Ribostamycin

Clinical data
- Other names: (2R,3S,4R,5R,6R)-5-amino-2-(aminomethyl)-6-{[(1R,2R,3S,4R,6S)-4,6-diamino-2-{[(2S,3R,4S,5R)-3,4-dihydroxy-5-(hydroxymethyl)oxolan-2-yl]oxy}-3-hydroxycyclohexyl]oxy}oxane-3,4-diol
- AHFS/Drugs.com: International Drug Names
- ATC code: J01GB10 (WHO) ;

Identifiers
- IUPAC name (1R,2R,3S,4R,6S)-4,6-diamino-3-hydroxy-2-(β-D-ribofuranosyloxy)cyclohexyl 2,6-diamino-2,6-dideoxy-α-D-glucopyranoside;
- CAS Number: 25546-65-0 53797-35-6 (sulfate);
- PubChem CID: 33042;
- ChemSpider: 30581;
- UNII: 2Q5JOU7T53;
- ChEMBL: ChEMBL221572;
- CompTox Dashboard (EPA): DTXSID6048541 ;
- ECHA InfoCard: 100.053.421

Chemical and physical data
- Formula: C_{17}H_{34}N_{4}O_{10}
- Molar mass: 454.477 g·mol^{−1}
- 3D model (JSmol): Interactive image;
- SMILES C1[C@H]([C@@H]([C@H]([C@@H]([C@H]1N)O[C@@H]2[C@@H]([C@H]([C@@H]([C@H](O2)CN)O)O)N)O[C@H]3[C@@H]([C@@H]([C@H](O3)CO)O)O)O)N;
- InChI InChI=1S/C17H34N4O10/c18-2-6-10(24)12(26)8(21)16(28-6)30-14-5(20)1-4(19)9(23)15(14)31-17-13(27)11(25)7(3-22)29-17/h4-17,22-27H,1-3,18-21H2/t4-,5+,6-,7-,8-,9+,10-,11-,12-,13-,14-,15-,16-,17+/m1/s1; Key:NSKGQURZWSPSBC-VVPCINPTSA-N;

= Ribostamycin =

Aminoglycoside antibiotic

Ribostamycin is an aminoglycoside-aminocyclitol antibiotic isolated from a streptomycete, Streptomyces ribosidificus, originally identified in a soil sample from Tsu City of Mie Prefecture in Japan.
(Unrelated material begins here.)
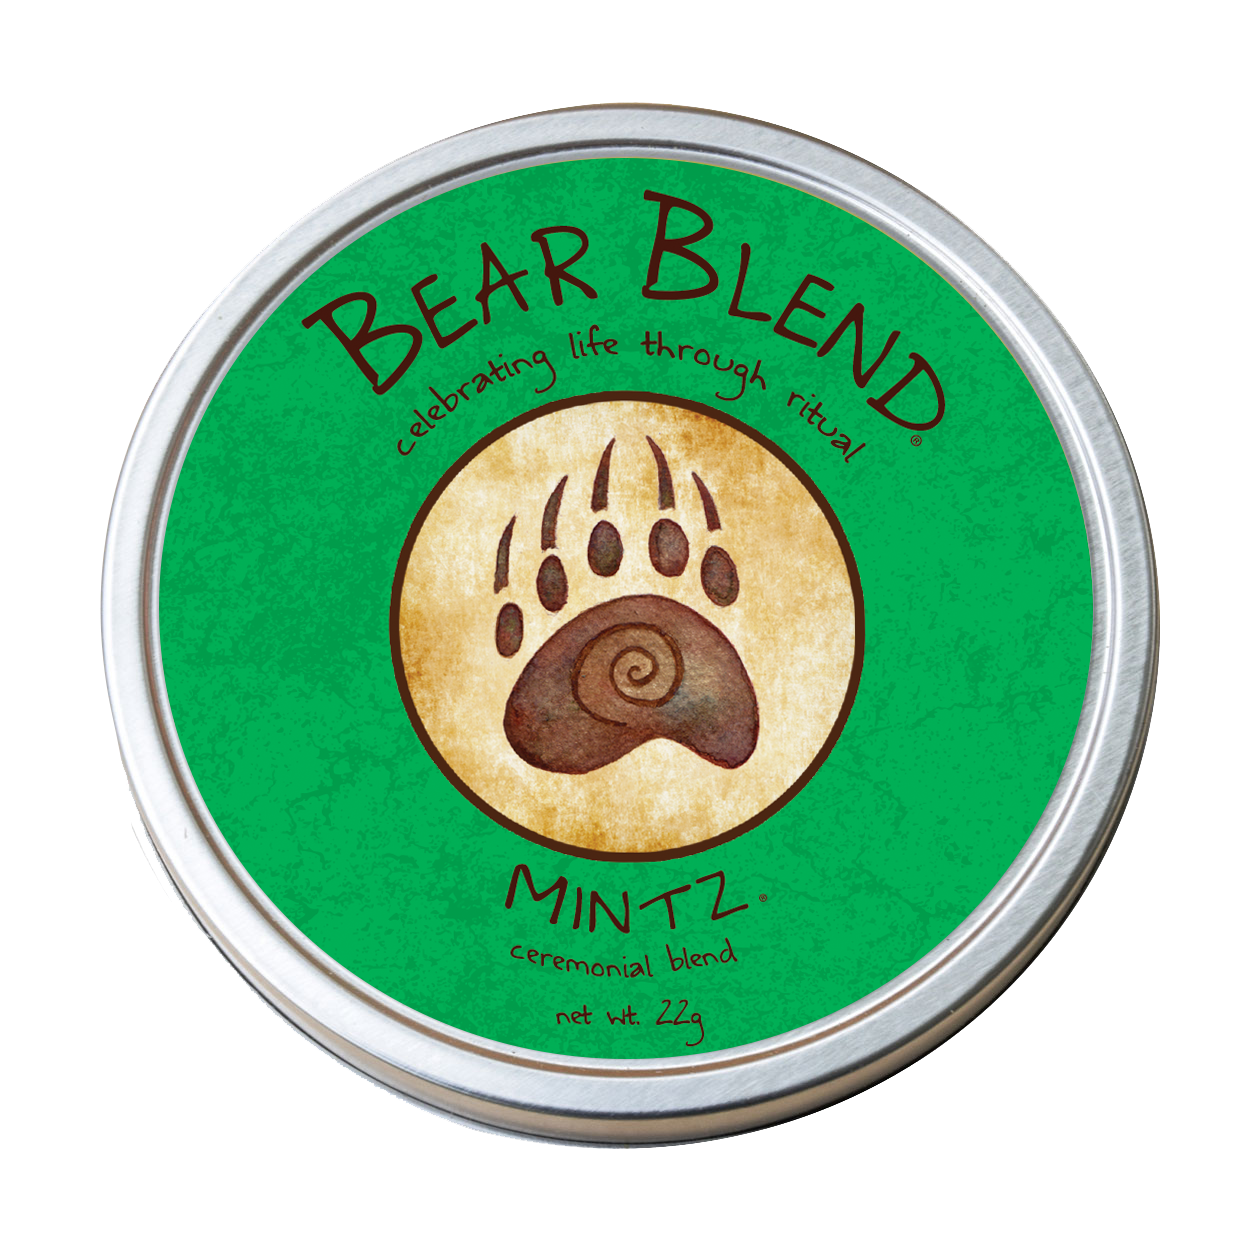 Lobelia — Smokable Herbs - Bear Blend

It is made up of 3 ring subunits: 2-deoxystreptamine (DOS), neosamine C, and ribose. Ribostamycin, along with other aminoglycosides with the DOS subunit, is an important broad-spectrum antibiotic with important use against human immunodeficiency virus and is considered a critically important antimicrobial by the World Health Organization., Resistance against aminoglycoside antibiotics, such as ribostamycin, is a growing concern. The resistant bacteria contain enzymes that modify the structure through phosphorylation, adenylation, and acetylation and prevent the antibiotic from being able to interact with the bacterial ribosomal RNAs.

== Biosynthesis ==

The biosynthesis of ribostamycin begins with the sugar D-glucose, which is phosphorylated at the 6 position to form glucose-6-phosphate. The enzyme rbmA contains a genetic sequence that corresponds to NAD^{+} binding and catalyzes the formation of 2-deoxy-scyllo-inosose. The enzyme rmbB then catalyzes the transamination of 2-deoxy-scyllo-inosose to 2-deoxy-scyllo-inosamine with L-glutamine and pyridoxal phosphate (PLP). Enzyme rbmC oxidizes the ring to 2-deoxy-3-amino-scyllo-inosose, which is then transaminated by enzyme rmbB to DOS. DOS is then glycosylated by the glycosyltransferase rmbD with uridine diphosphate N-acetylglucosamine (UDP-Glc-NAc) to form 2’-N-acetylparomamine. The deacetylase racJ removes the acetyl group and forms paromamine. Paromamine is oxidized by enzyme rbmG and then enzyme rmbH transaminates to produce neamine. Neamine is then ribosylated to form ribostamycin.